Even better are the asset figures that Cohen culled from tax filings. Mitchell Rales’s Glenstone museum has total assets (not all in art) valued at $702m; Peter Brant’s Greenwich foundation lists $93m; and Andrew Hall’s foundation in Vermont comes in at $38m.
Much of the reaction to the article depends upon the reader. That includes the way that private collections are presented in the article. Attendance figures for the Barnes Collection—which was moved to the center of Philadelphia for greater public access, a move opposed by many who primarily view art as a public trust—were offered in comparison to the limited access of the Brant and other foundations.
Art Collectors Gain Tax Benefits From Private Museums  (

2. NEW YORK - Tax Break Used by Investors in Flipping Art Faces Scrutiny
Introduced in the 1920s to ease the tax burden of farmers who wanted to swap property, it soon became a tool for real estate investors flipping, say, office buildings for shopping malls.
Now, this little-known provision in the tax code, known as a like-kind exchange, has become a popular tactic for a new niche of investors: buyers of high-end art who want to put off — and sometimes completely avoid — federal taxes when upgrading their Diebenkorns for Rothkos.
“You can defer millions of dollars of taxes,” said Josh Baer, an art adviser who helps clients take advantage of the tool.
The exchanges have become prevalent enough, and the cost to the government significant enough, that the Obama administration is seeking to eliminate them, a prospect causing no shortage of alarm in sectors of the art world... More

1 comment:

Joseph said...

Sorry, but I wish to argue certain points. Regarding keeping an object, there was a court case in the late 1980s involving a work which was negligently transferred to the donee (i.e., only when the IRS became involved, several years after the supposed donation). The Tax Court ruled no donation for that year (i.e., the year claimed, not the year actually given). As for "private" museums, they have been around for a long time. Think Frick, Freer, Carnegie, etc. The government does not abjure such museums, only that the rules and regs be followed. Too often I have seen private museums used as tax shelters for the 1%. That said, the US policy of allowing donors to create museums, or give things to specific collections, all while reaping a tax reward, brings more art to all of us 99%-ers.

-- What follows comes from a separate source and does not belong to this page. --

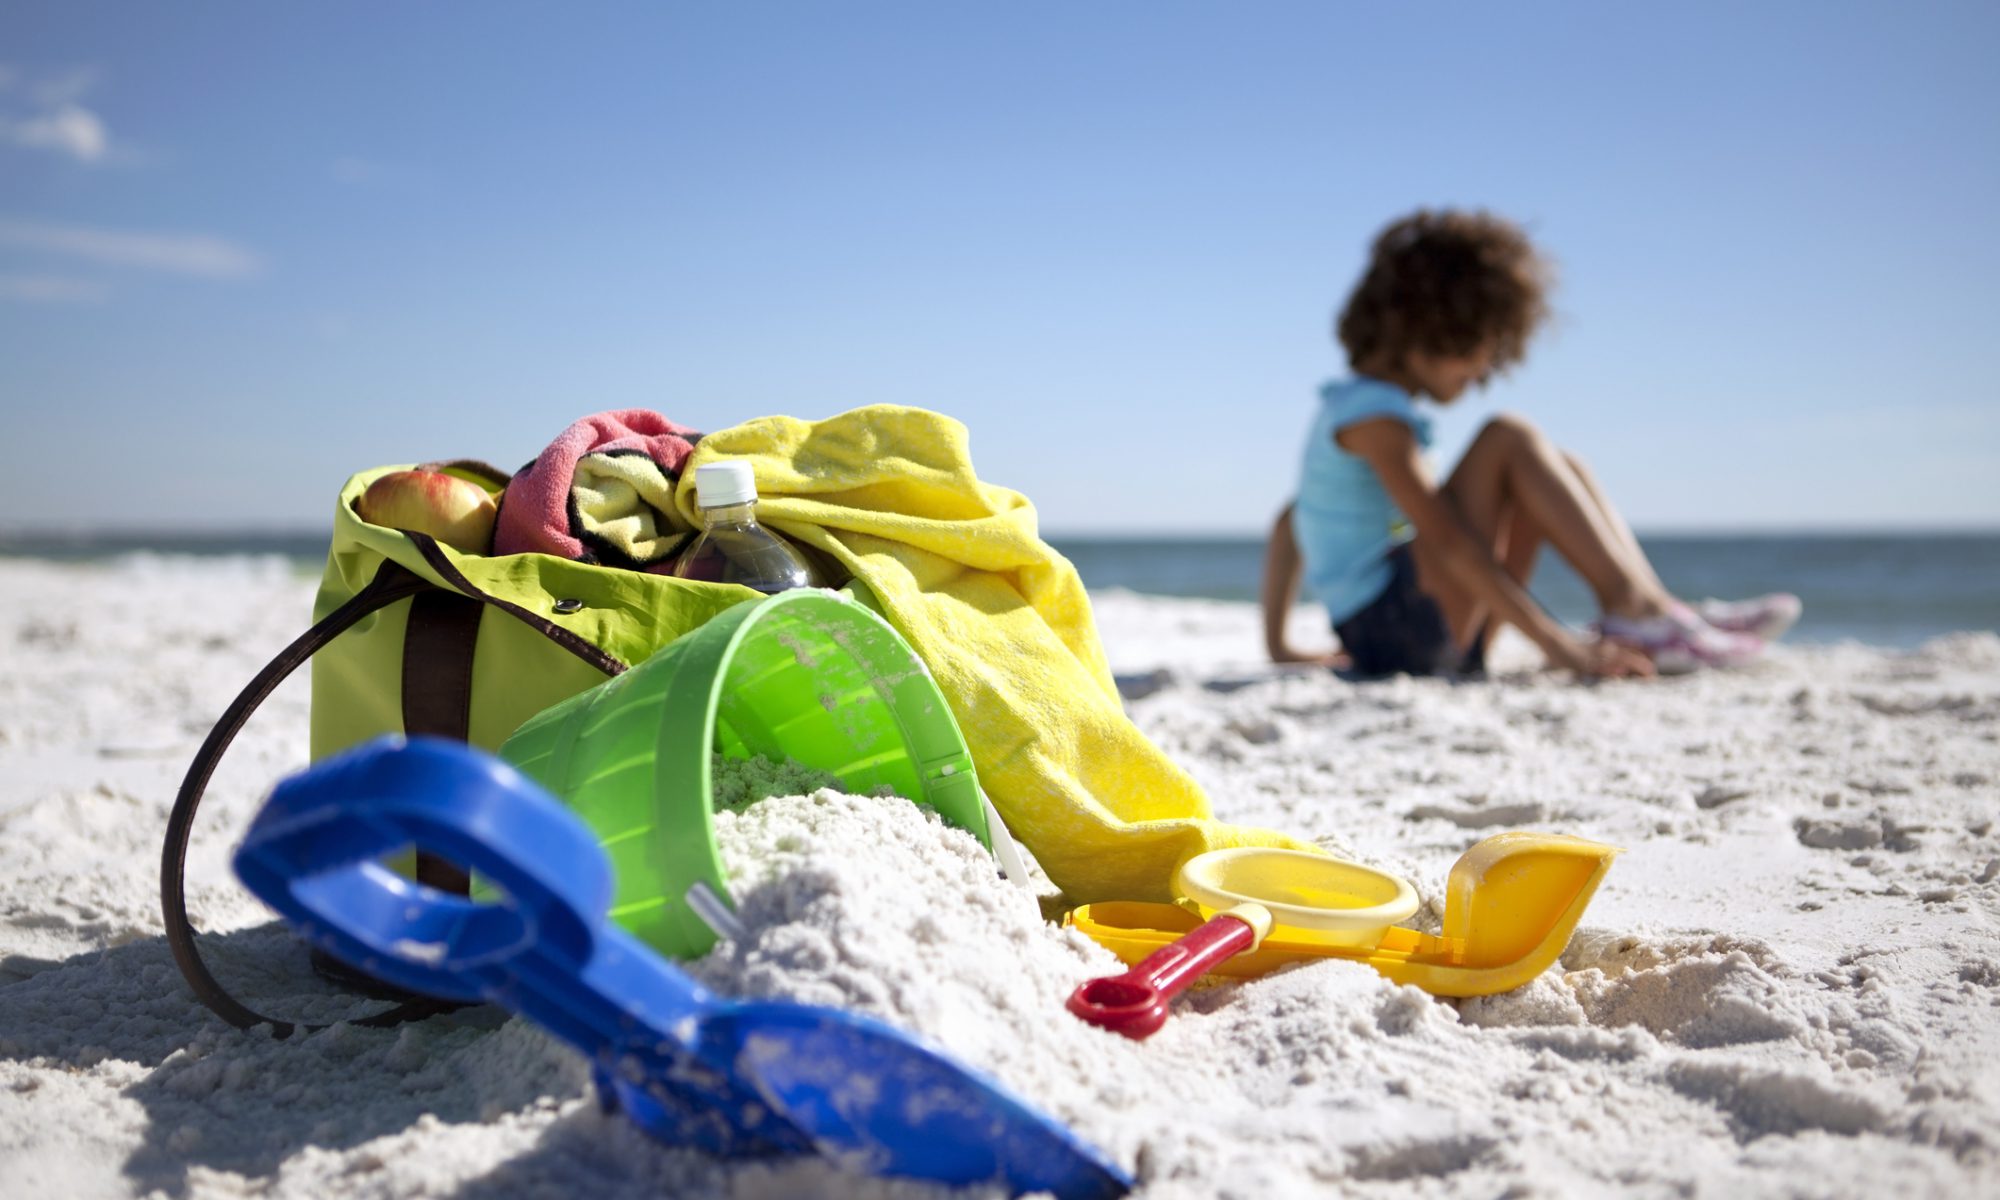 Beach bag, beach toys and a little girl on the beach.

My feeling is that, if you do it right, and have a good collection,a donation is good for the country. But if it is crap stuff of little interest to anyone other than some self-entitled CEO, no deduction should be there. I haven't got a better way of evaluating that, which is why IRS has appraisers on its staff. But the standard for FMV is what is provable, not what is speculative. Sadly, the market is often rather behind the curve. A good appraiser can overcome that, but many poor appraisers do not. So how one writes the appraisal is paramount. But in my career I have seen so many that are far from that standard.